- What is expected
Below are the entries; transcribe them exactly and drop every picture.

---------- Dataset entries

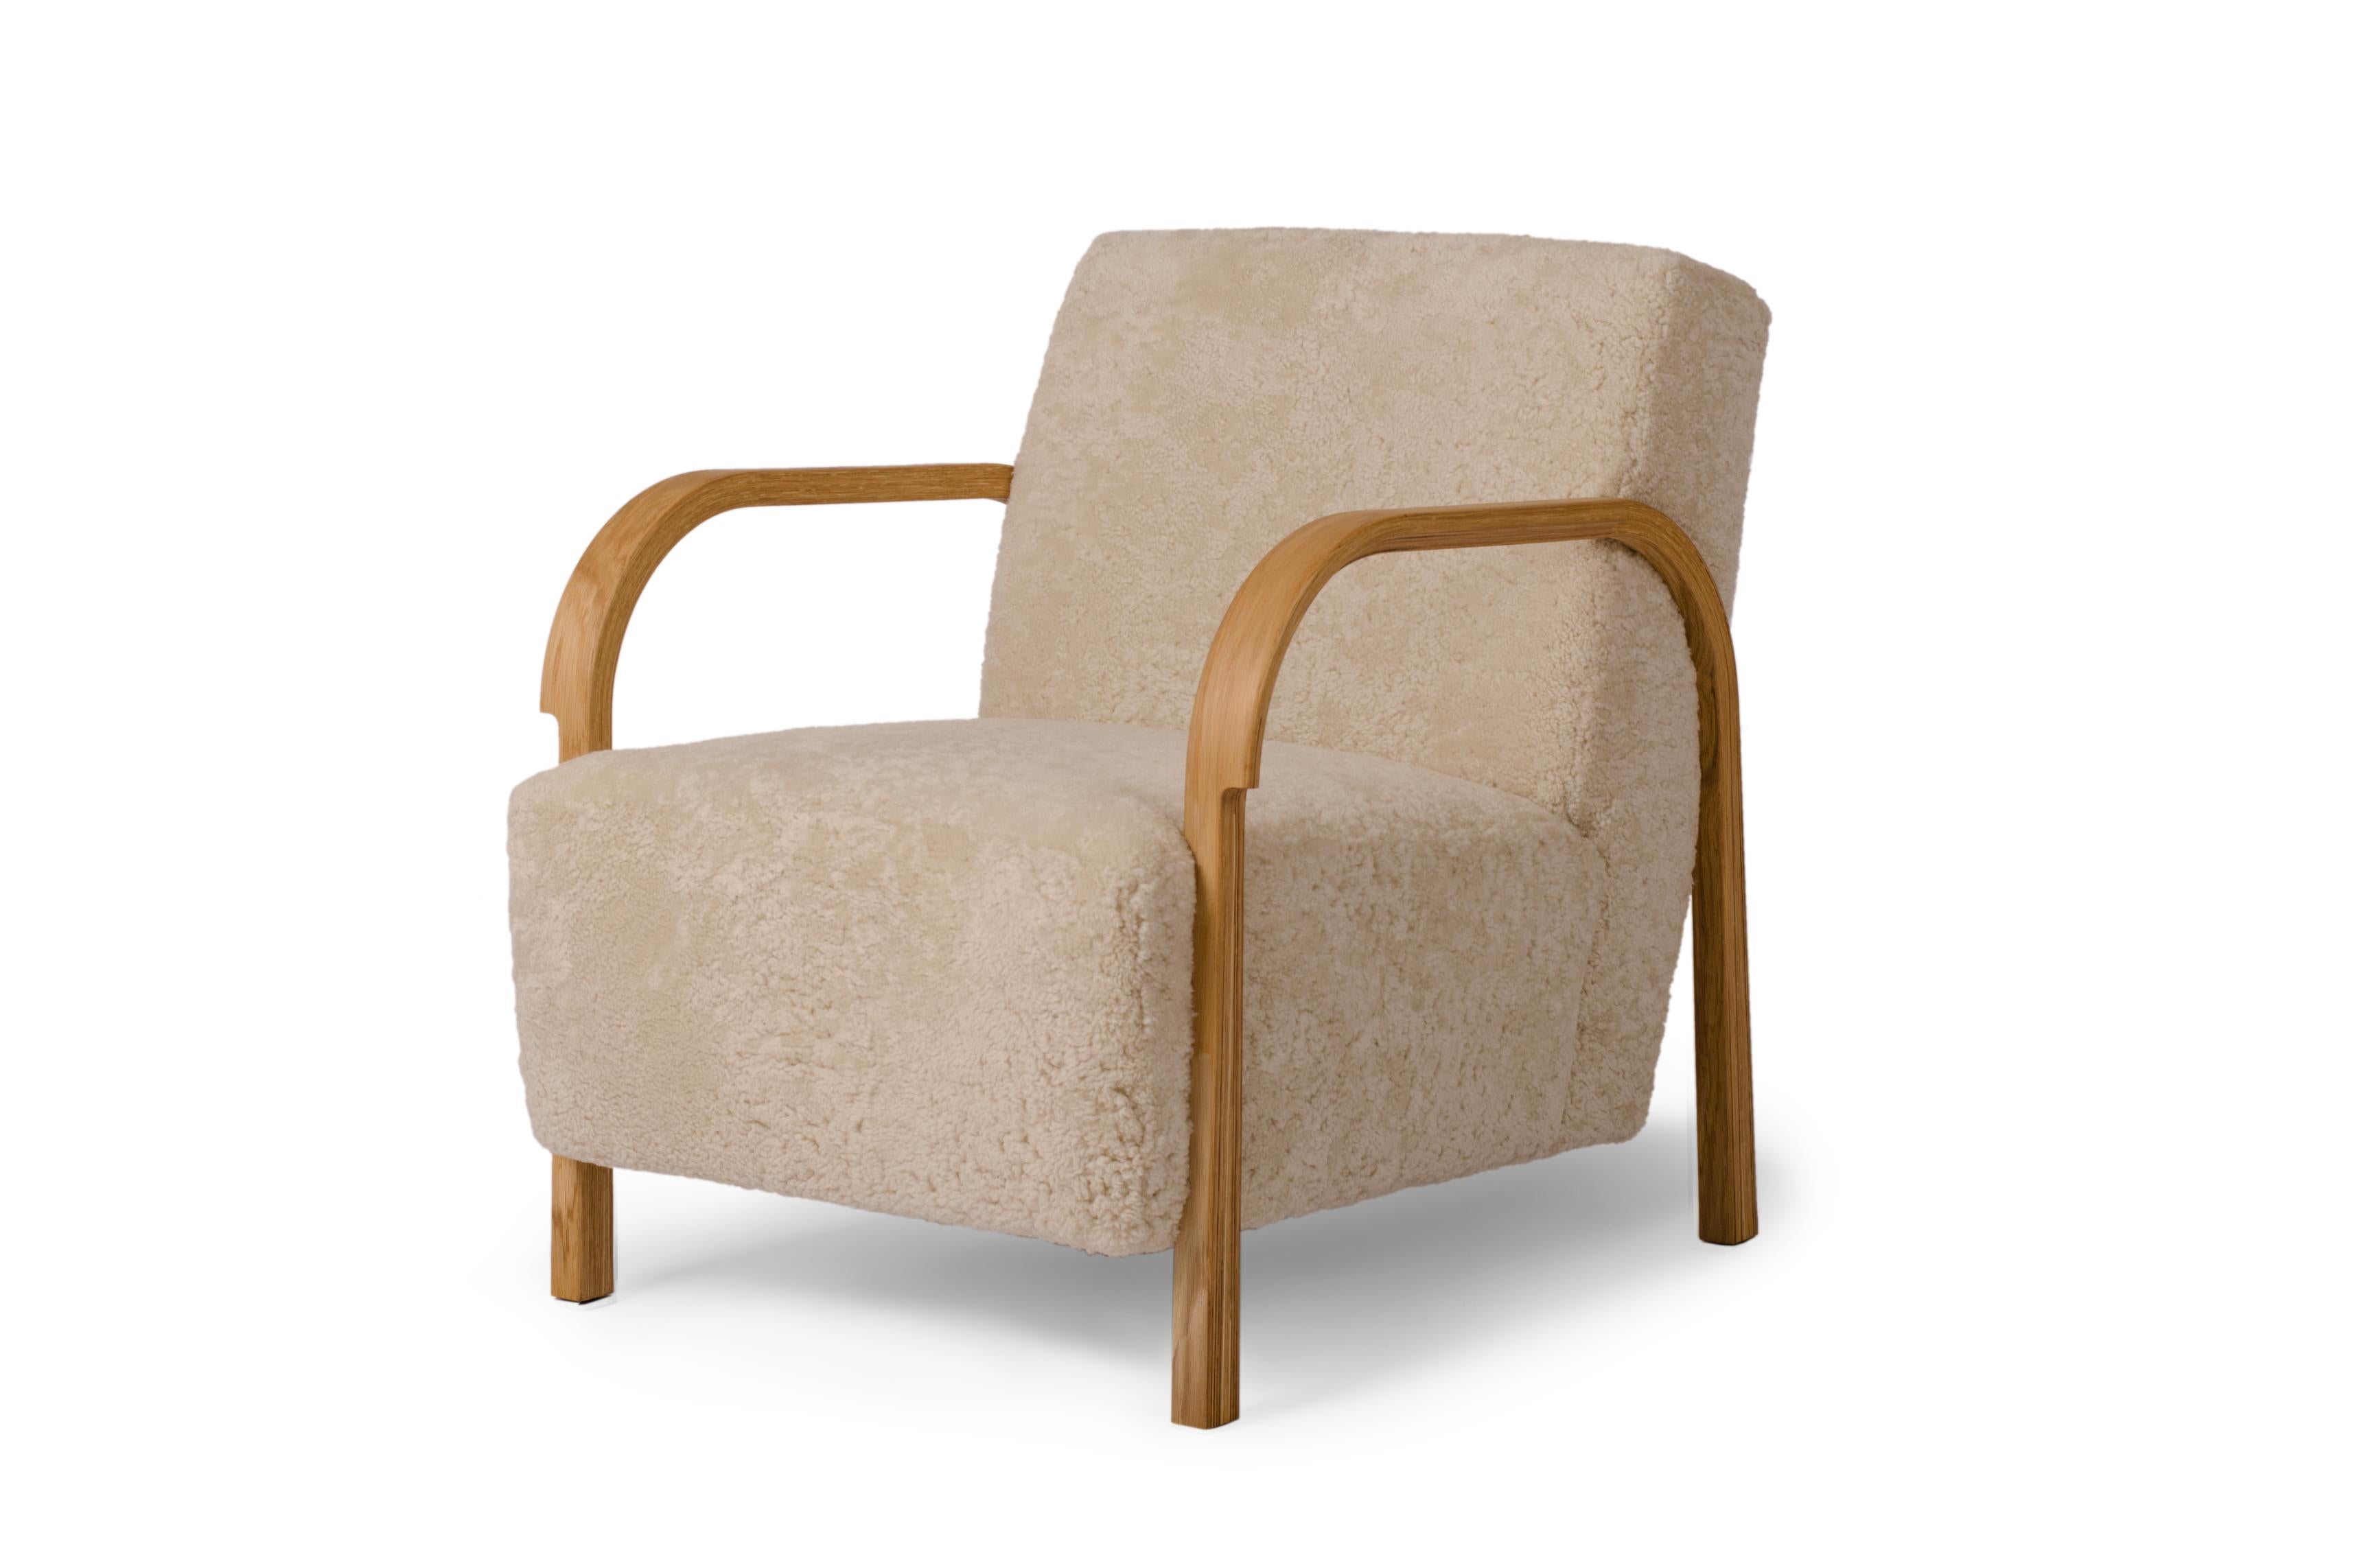 Sheepskin ARCH lounge chair by Mazo Design
Dimensions: W 69 x D 79 x H 76 cm
Materials: Oak, Sheepskin.

With the new ARCH collection, mazo forges new paths with their forward-looking modernism. The series is a tribute to the renowned Danish
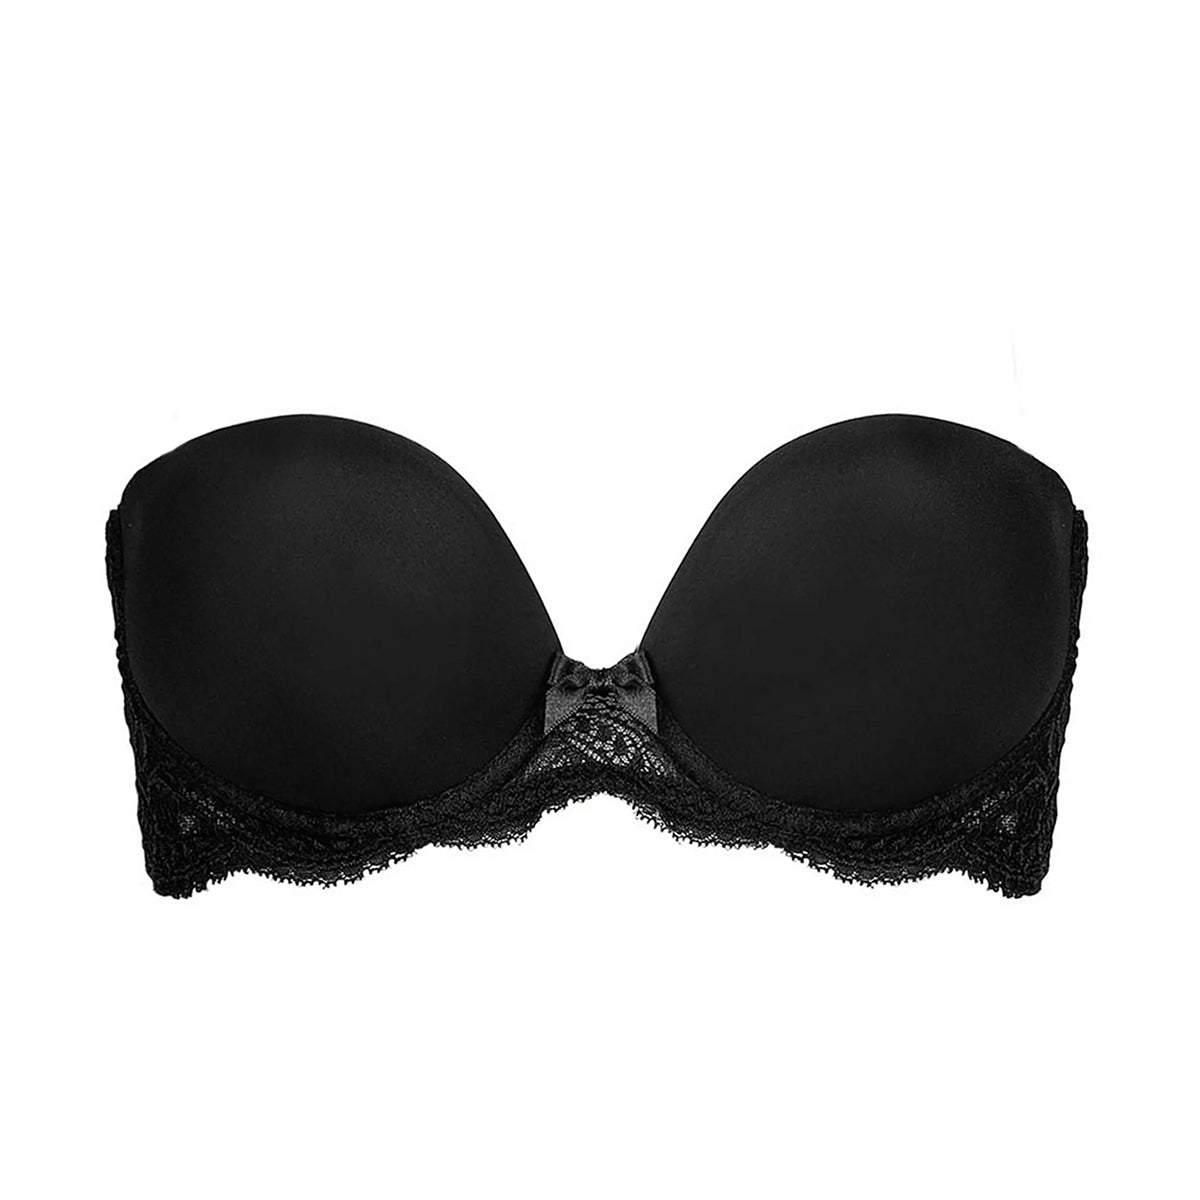 Ultra Thin Double Breasted Push Up Bra Set With Cutout Transparent Lace  Black/White Half Cup And 290L From Geymf, $23.85

--------------------

- Answer area
 Sheepskin ARCH lounge chair by Mazo Design
Dimensions: W 69 x D 79 x H 76 cm
Materials: Oak, Sheepskin.

With the new ARCH collection, mazo forges new paths with their forward-looking modernism. The series is a tribute to the renowned Danish
 Ultra Thin Double Breasted Push Up Bra Set With Cutout Transparent Lace  Black/White Half Cup And 290L From Geymf, $23.85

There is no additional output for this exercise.